Impressed with this idea, on my fourth furlough to America in 1899, I confided my wish to a few personal friends, telling them of my plan, not indeed ever to give up my life-work in and for Africa, but to resign from connection with the Board; and, returning to Africa under independent employ and freed from mission control, but still working under my Presbytery, have time to gratify my pen.
One of these friends was William Libbey, D. Sc., Professor of Physical Geography and Director of the E. M. Museum of Geology and Archæology in Princeton University. Without my knowledge he subsequently mentioned the subject to his university friend, Rev. A. Woodruff Halsey, D.D., one of the Secretaries of the Board of Foreign Missions. Dr. Halsey thought my wish could be gratified without my resigning from the Board's service.
In November, 1899, the following action of the Board was forwarded to me: "November 20th, 1899. In view of the wide and varied information possessed by the Rev. Robert H. Nassau, D.D., of the West Africa Mission, regarding the customs and traditions of the tribes on the West Coast, and the importance of putting that knowledge into some permanent form, the Board requested Dr. Nassau to prepare a volume or volumes on the subject; and it directed the West Africa Mission to assign him, on his return from his furlough, to such forms of missionary work as will give him the necessary leisure and opportunity."
On my return to Africa in 1900, I was located at Batanga, one hundred and seventy miles north of Gabun, and was assigned to the pastorate of the Batanga Church, the largest of the twelve churches of the Corisco Presbytery, with itineration to and charge of the sessions of the Kribi and Uběnji churches.

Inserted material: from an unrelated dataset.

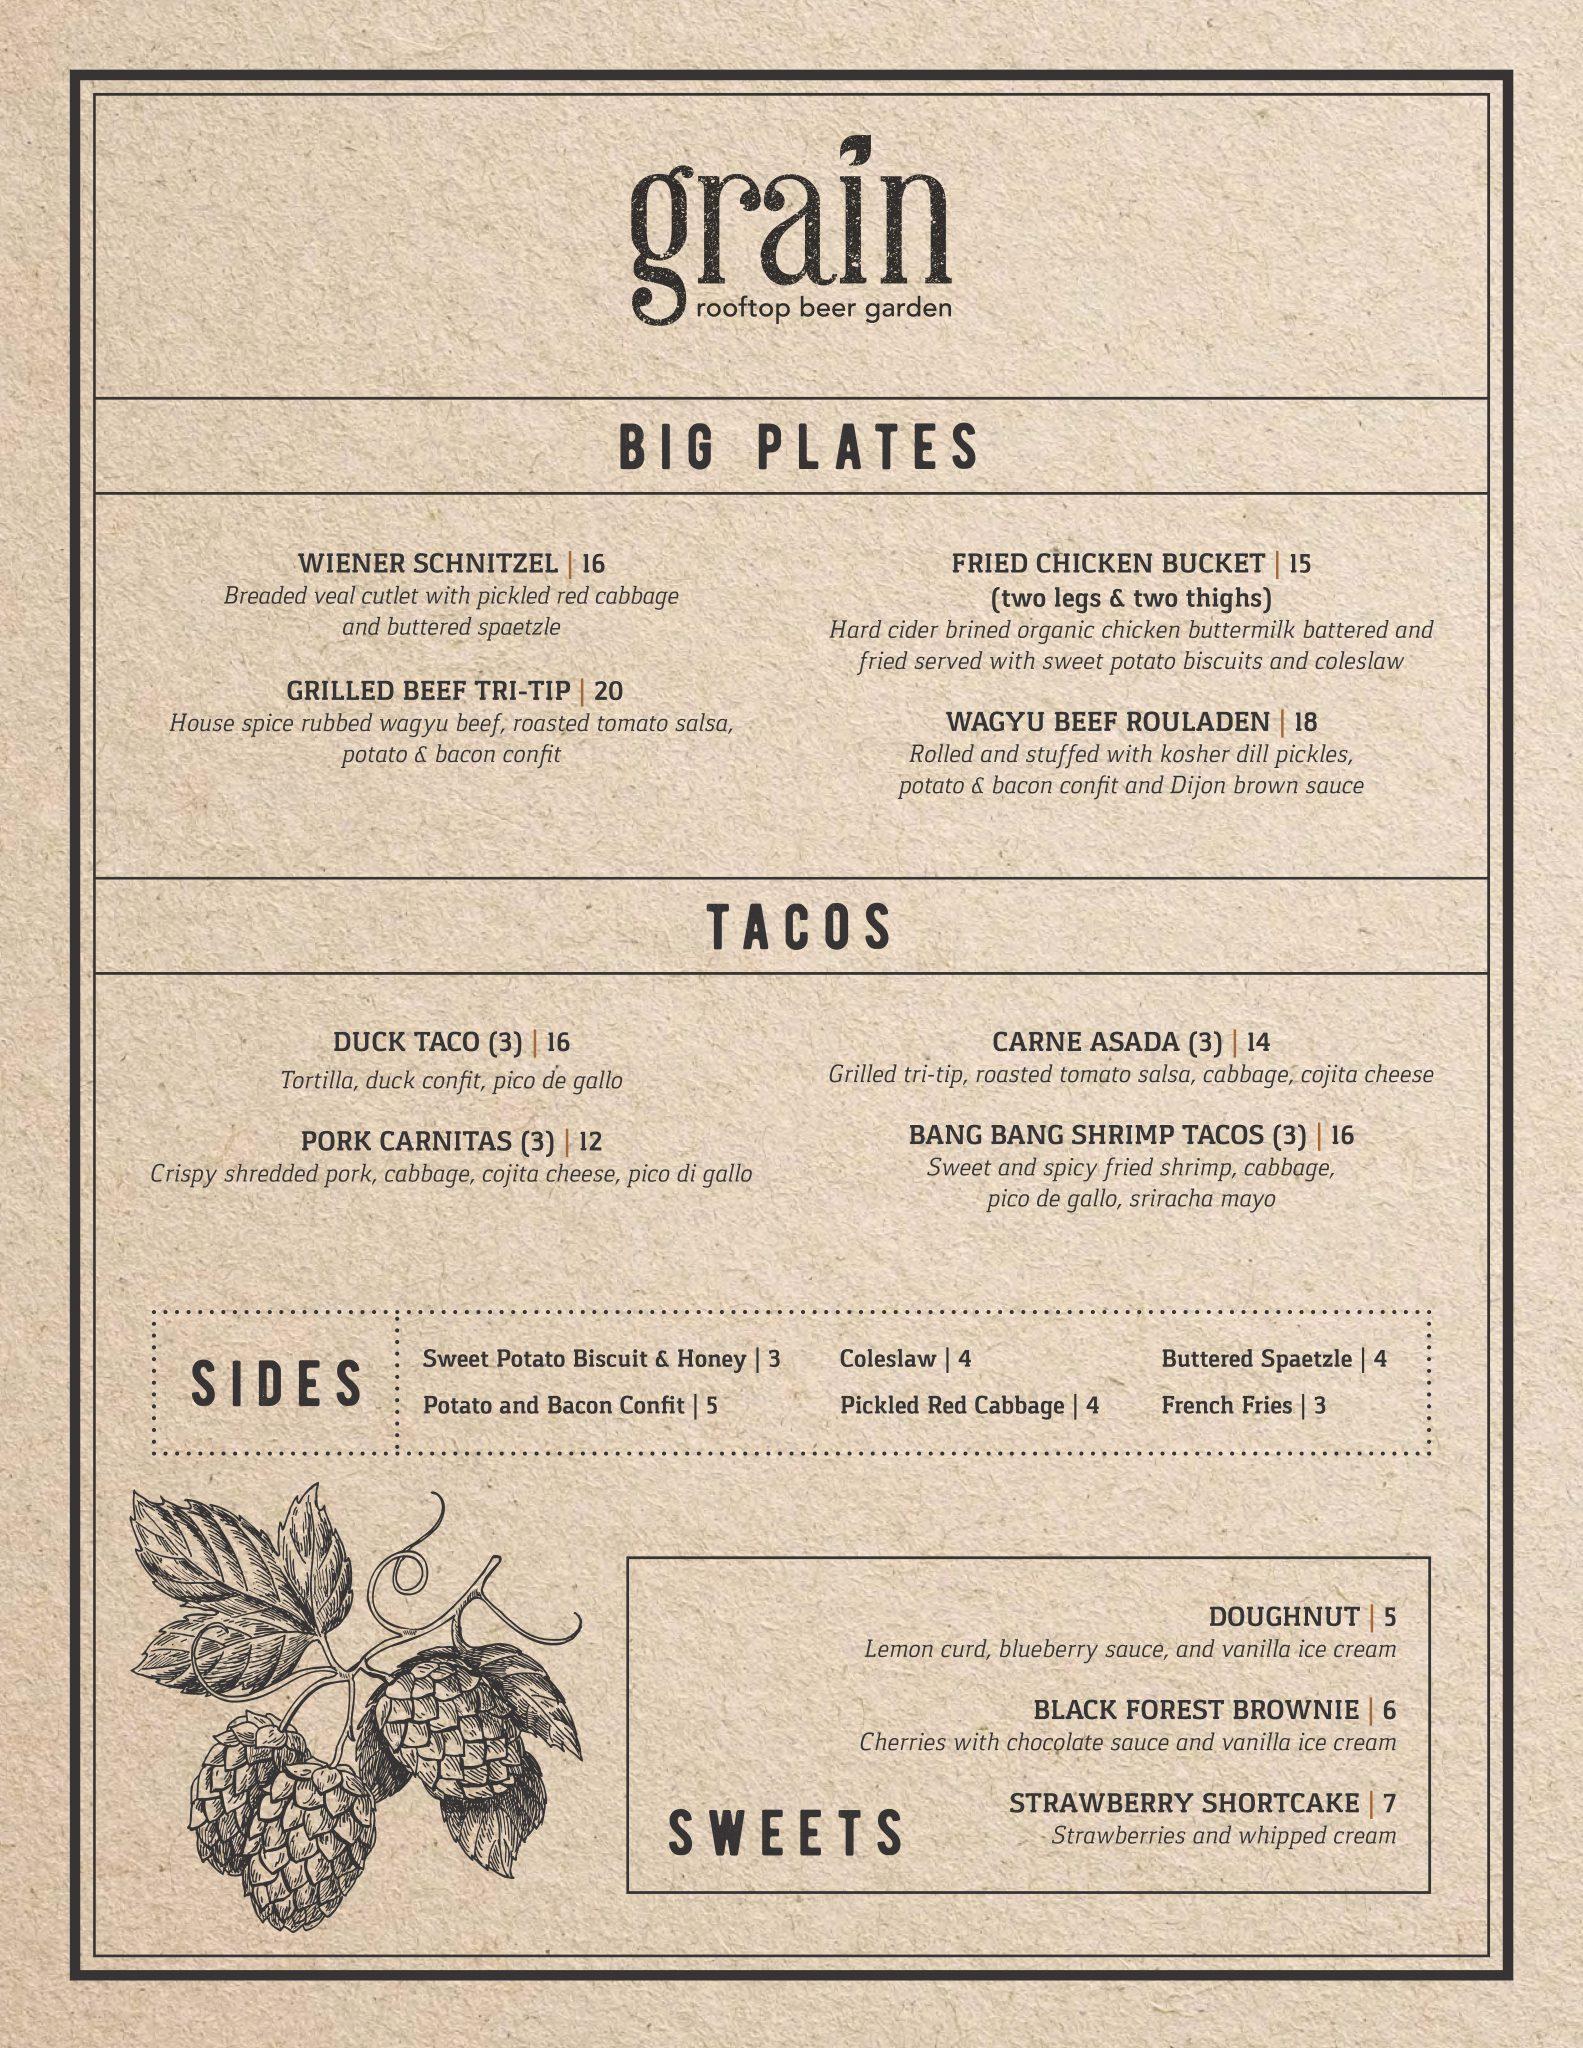 GRAIN_4184 Dinner Menu_5-2-18_web_Page_2

During intervals of time in the discharge of these pastoral duties my recreation was the writing and sifting of the multitude of notes I had collected on native superstition during the previous quarter of a century. The people of Batanga, though largely emancipated from the fetich practices of superstition, still believed in its witchcraft aspect. I began there to arrange the manuscript of this work. There, more than elsewhere, the natives seemed willing to tell me tales of their folk-lore, involving fetich beliefs. From them, and also from Mpongwe informants, were gathered largely the contents of Chapters XVI and XVII.

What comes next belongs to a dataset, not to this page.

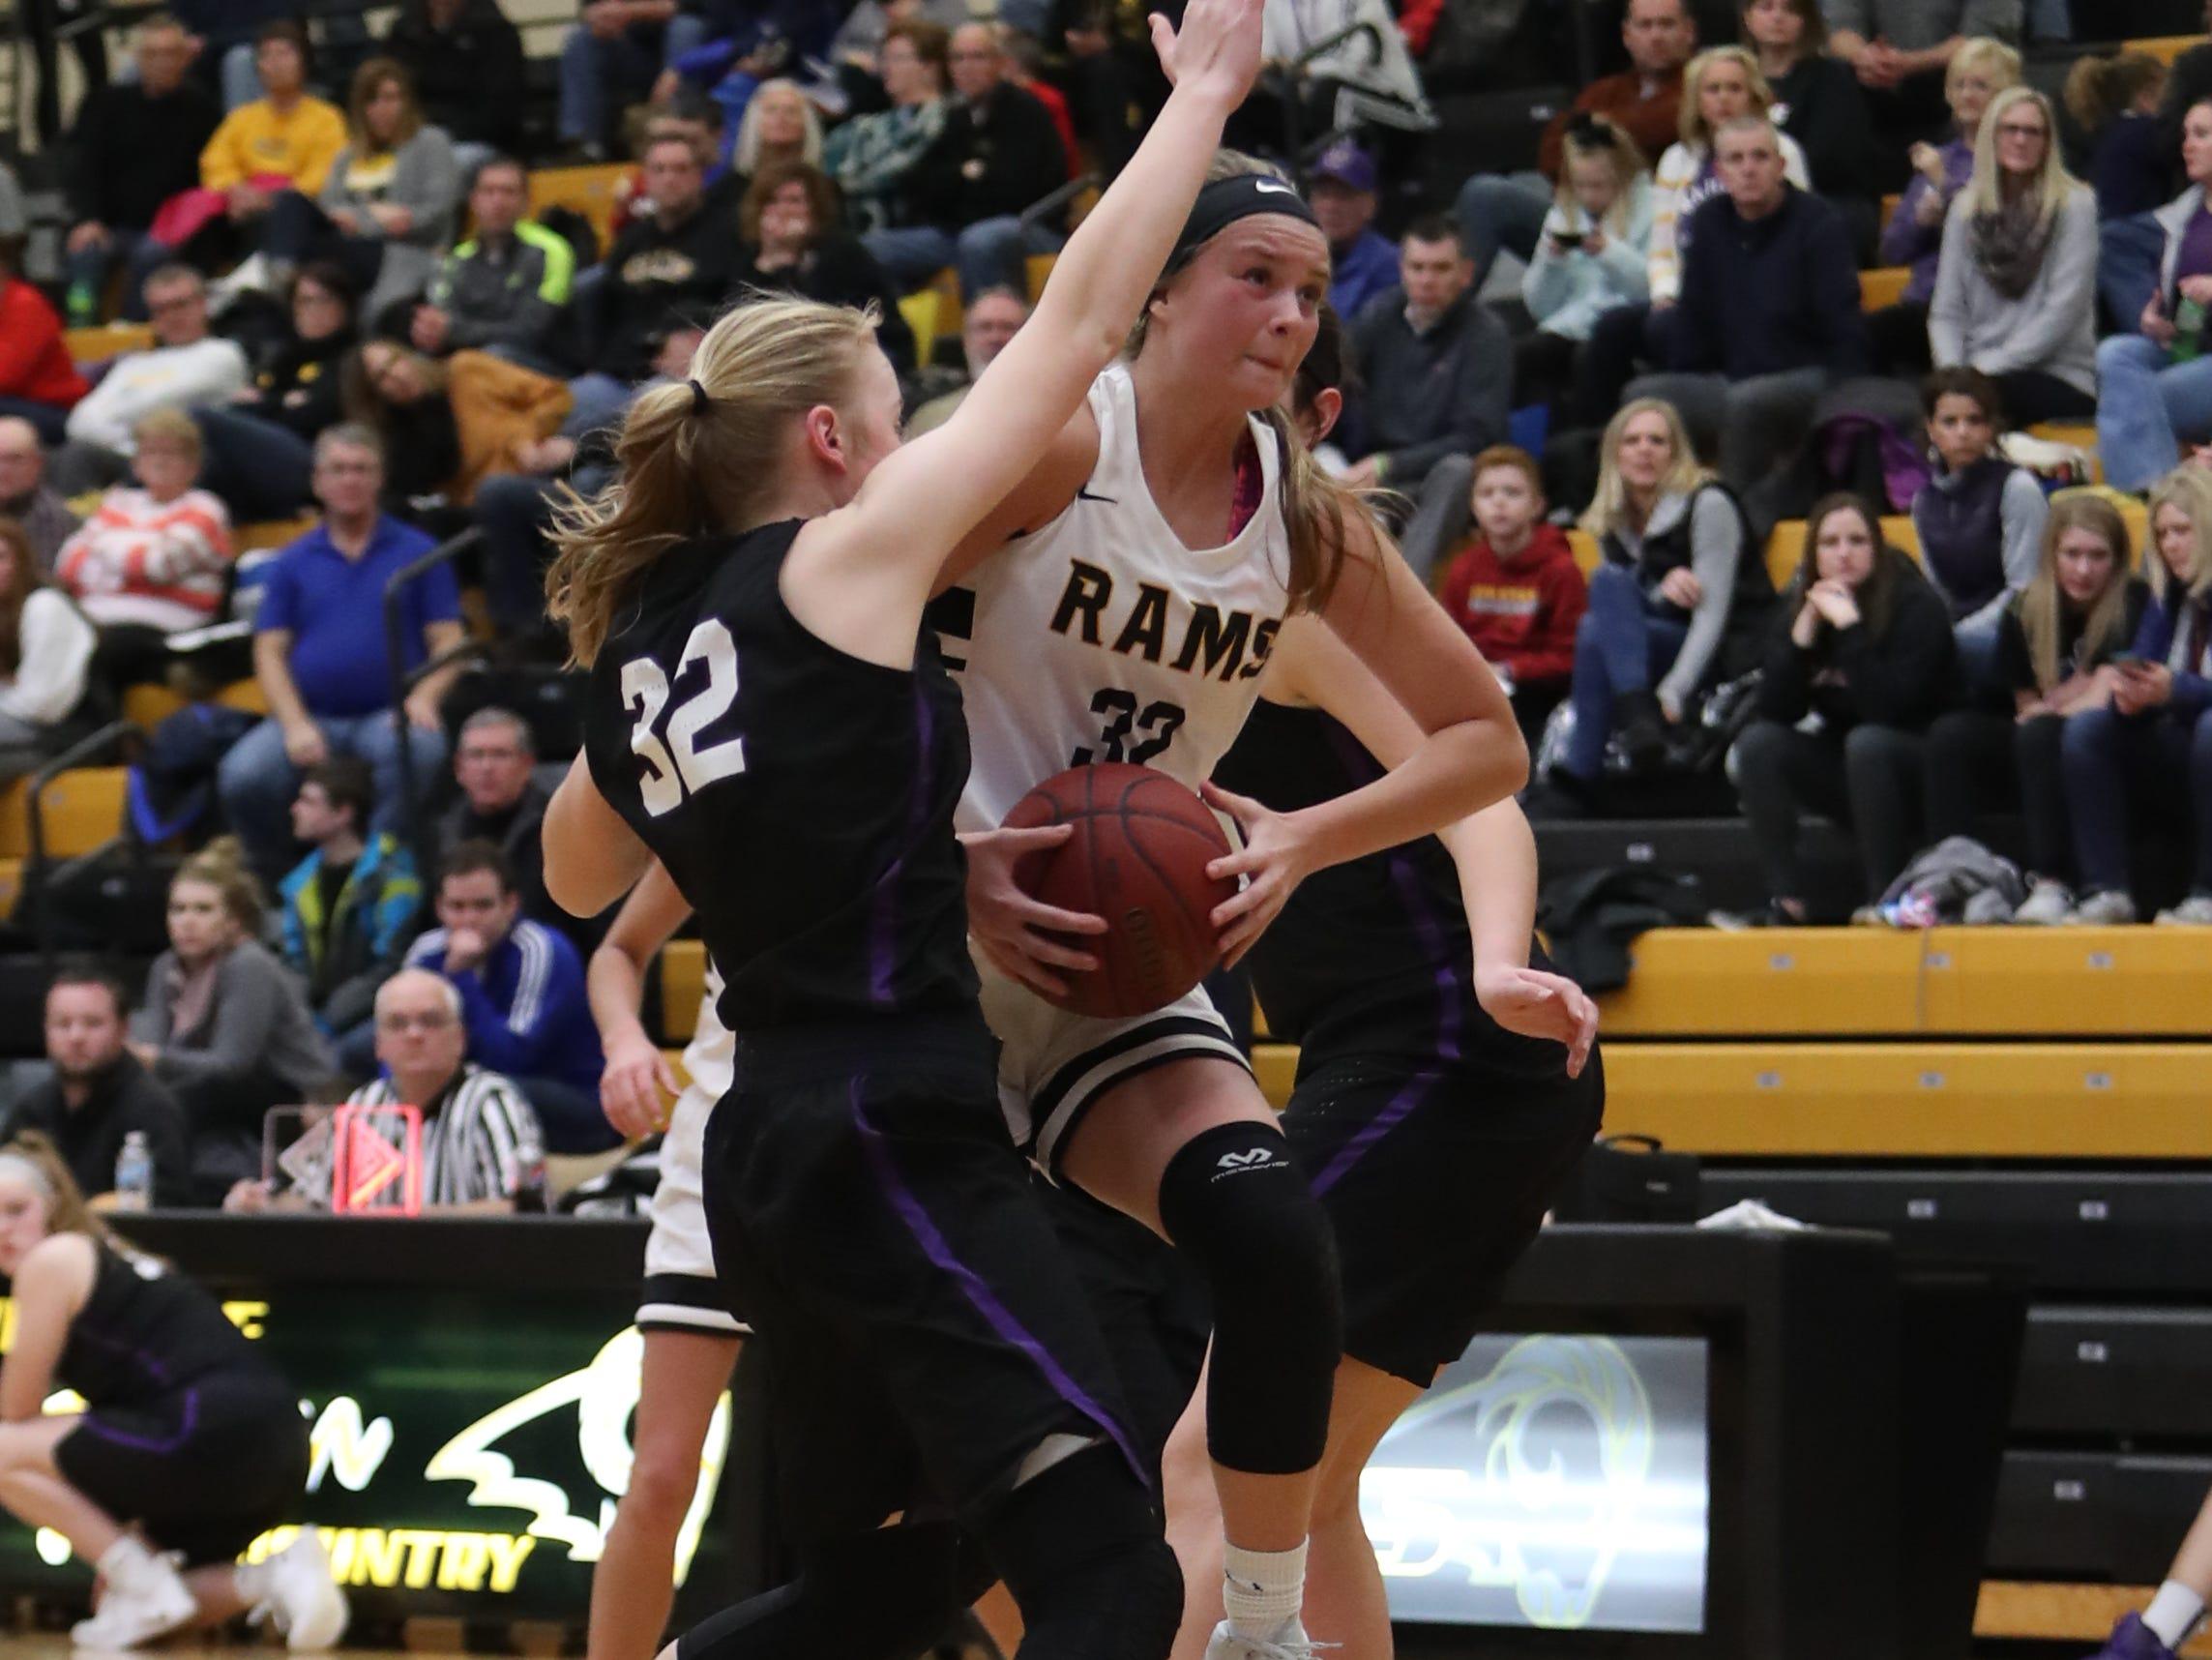 Waukee Warriors' Reagan Bartholomew (32) defends Southeast Polk Rams' Maggie McGraw (32) during a game Feb. 1, 2019 at Southeast Polk High School. The Warriors beat the Rams 66 to 43.

And now, on this my fifth furlough, the essay on Bantu Theology has grown to the proportions of this present volume.
The conclusions contained in all these chapters are based on my own observations and investigations.

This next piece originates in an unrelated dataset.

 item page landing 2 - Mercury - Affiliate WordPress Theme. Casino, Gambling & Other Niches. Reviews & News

Obligation is acknowledged to a number of writers on Africa and others, quotations from whose books are credited in the body of this work. I quote them, not as informants of something I did not already know, but as witnesses to the fact of the universality of the same superstitious ideas all over Africa.
By the courtesy of the American Geographical Society, Chapters IV, V, X, and XI have appeared in its Bulletin during the years 1901-1903.
I am especially obligated to Professor Libbey for his sympathetic encouragement during the writing of my manuscript, and for his judicious suggestions as to the final form I have given it.